I always heed people's first reactions. You know when you visit a place and people ask where you're going. The reactions to Subo are all the same. "Ooh I love that place!" or "It's my favourite!" and when I was doing my visit to find Newcastle's best, I almost didn't go to Subo. The reason why was that it was closed the two nights I was staying there (Monday and Tuesday) but it felt like such a glaring omission that I stayed the extra day to fit in dinner.
It's a warmly lit small dining room and we take a seat in the corner. "Six years ago we didn't know how it would go," says Suzie about the modest space. Service is exceptional here, I wish all wait staff were like this and one darling waiter even offers to hold the light to light the food (a first!).
There is a short wine menu and they are happy to serve wine match to courses. Twice a season the menu changes and we are eating the second Autumn menu this evening that has just debuted. Five courses here are $90. Sheriden tells me that this is often a celebration restaurant for locals for milestones and events.

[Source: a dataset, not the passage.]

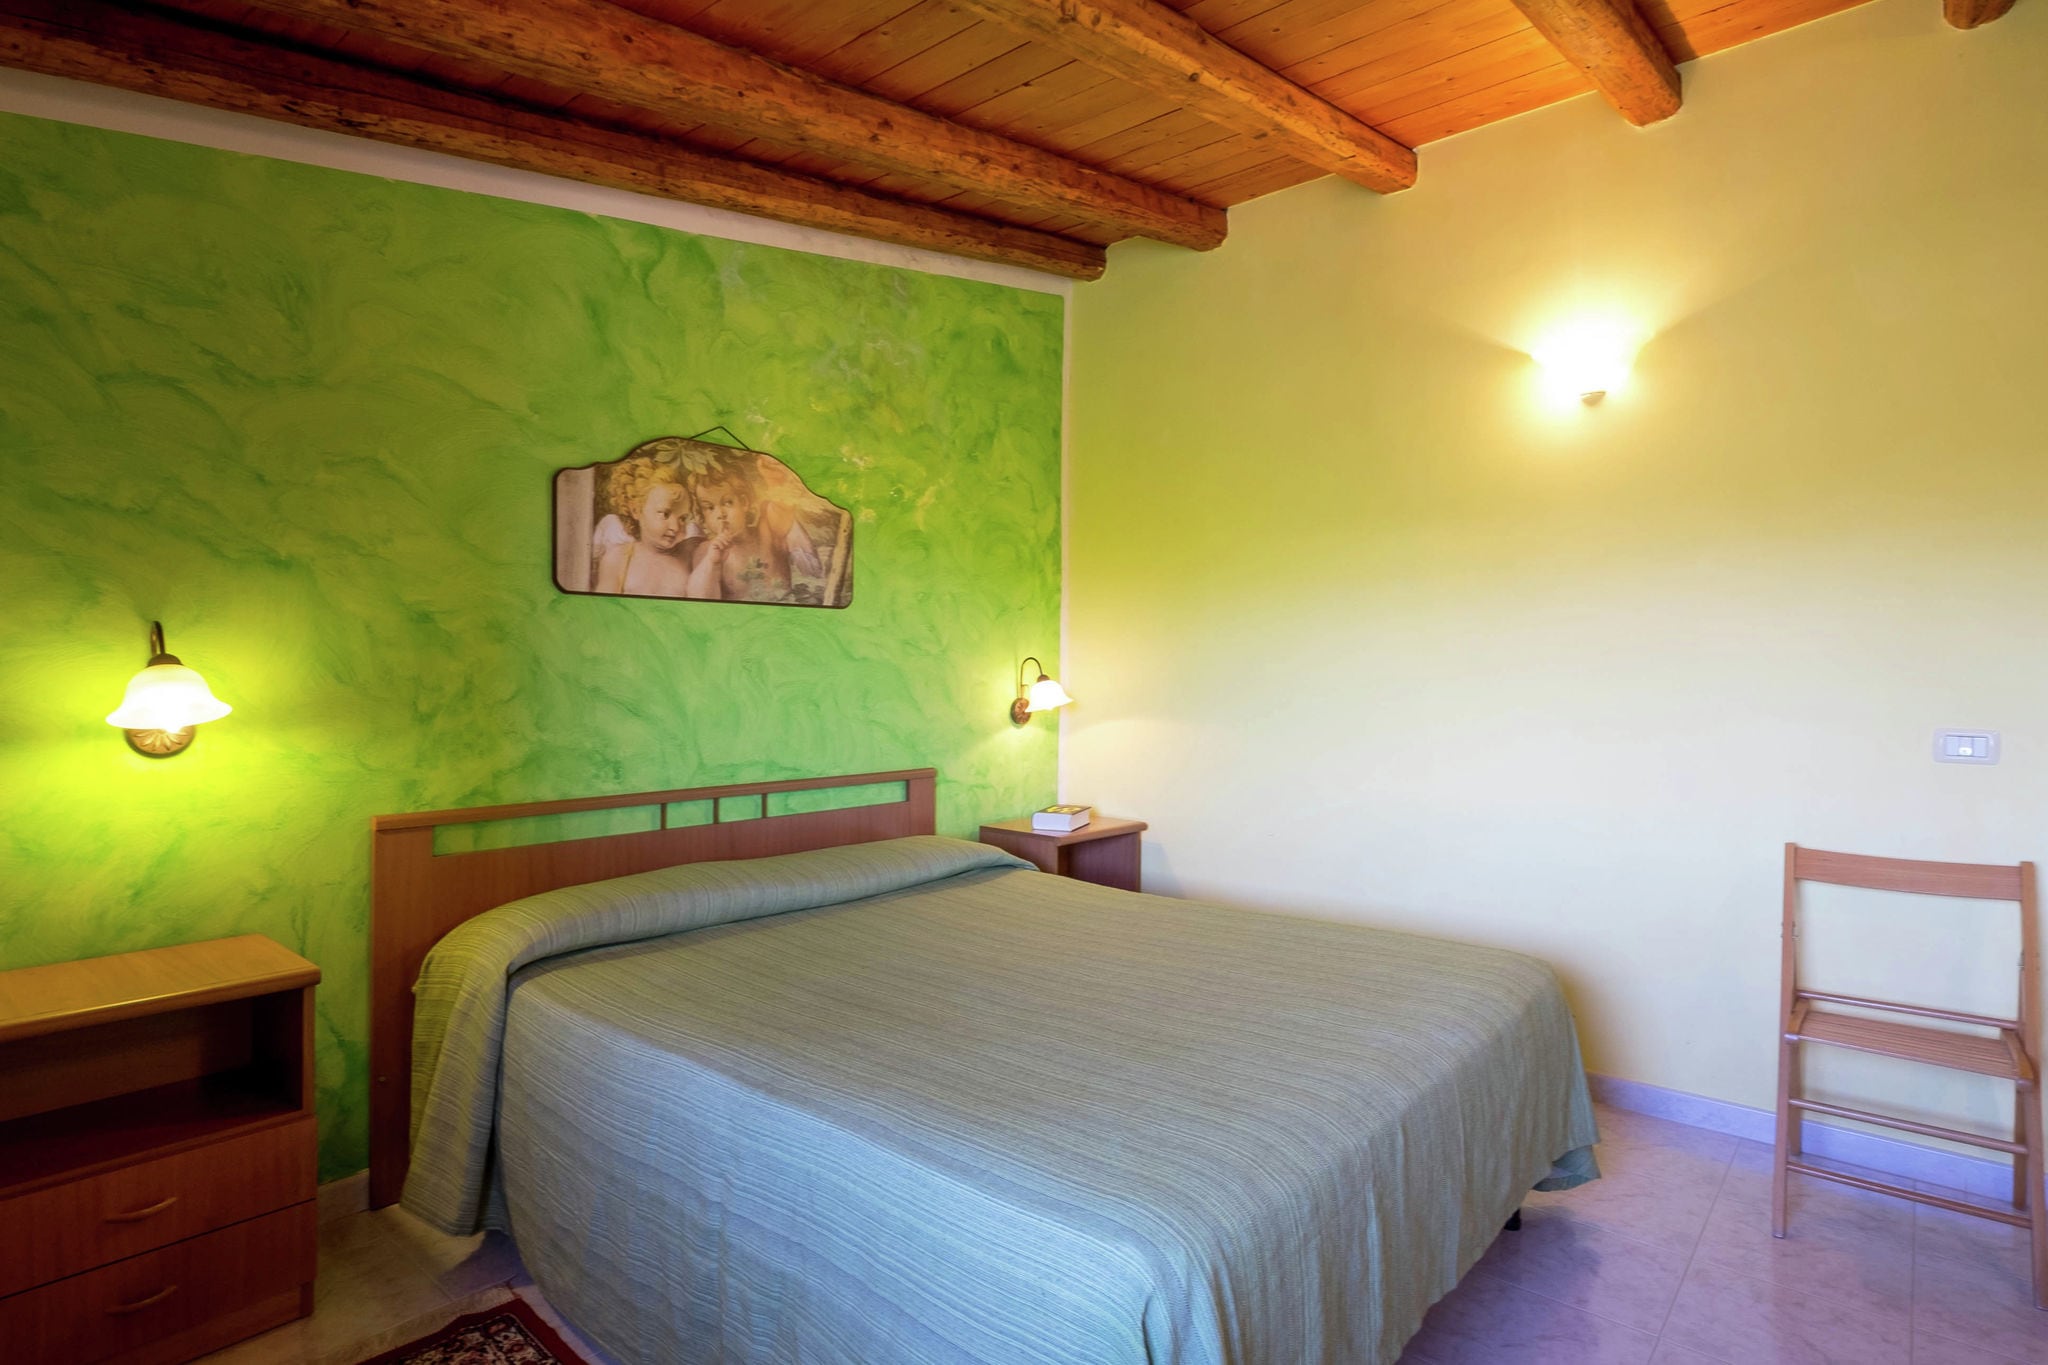 Une maison de vacances ensoleillée à Sciacca, Sicile

We start with some bread-slices of Baked Uprising's city loaf with house churned butter with caramelised garlic and nori salt.
The hiramasa kingfish is lightly seared and served on a bed of black sesame paste with a refreshing finger lime and yuzu dressing with coriander fronds and dehydrated miso flakes. The rich black sesame paste balances the freshness of the citrus fruits in a gentle interplay.
The Berkshire Pork from Byron Bay is slow cooked 2-3 hours and then it is pulled apart, mixed with sage and ginger, reformed into a croquette and coated in panko crumbs and deep fried. It comes with a kimchi purée togarashi pepper, ginger and apple. There are also pieces of pickled cucumber done with apple vinegar, rice wine and apple juice as well as tapioca crisps sprinkled with togarashi. Berkshire pork is such a luscious pork and this is a great Autumnal dish that warms you up.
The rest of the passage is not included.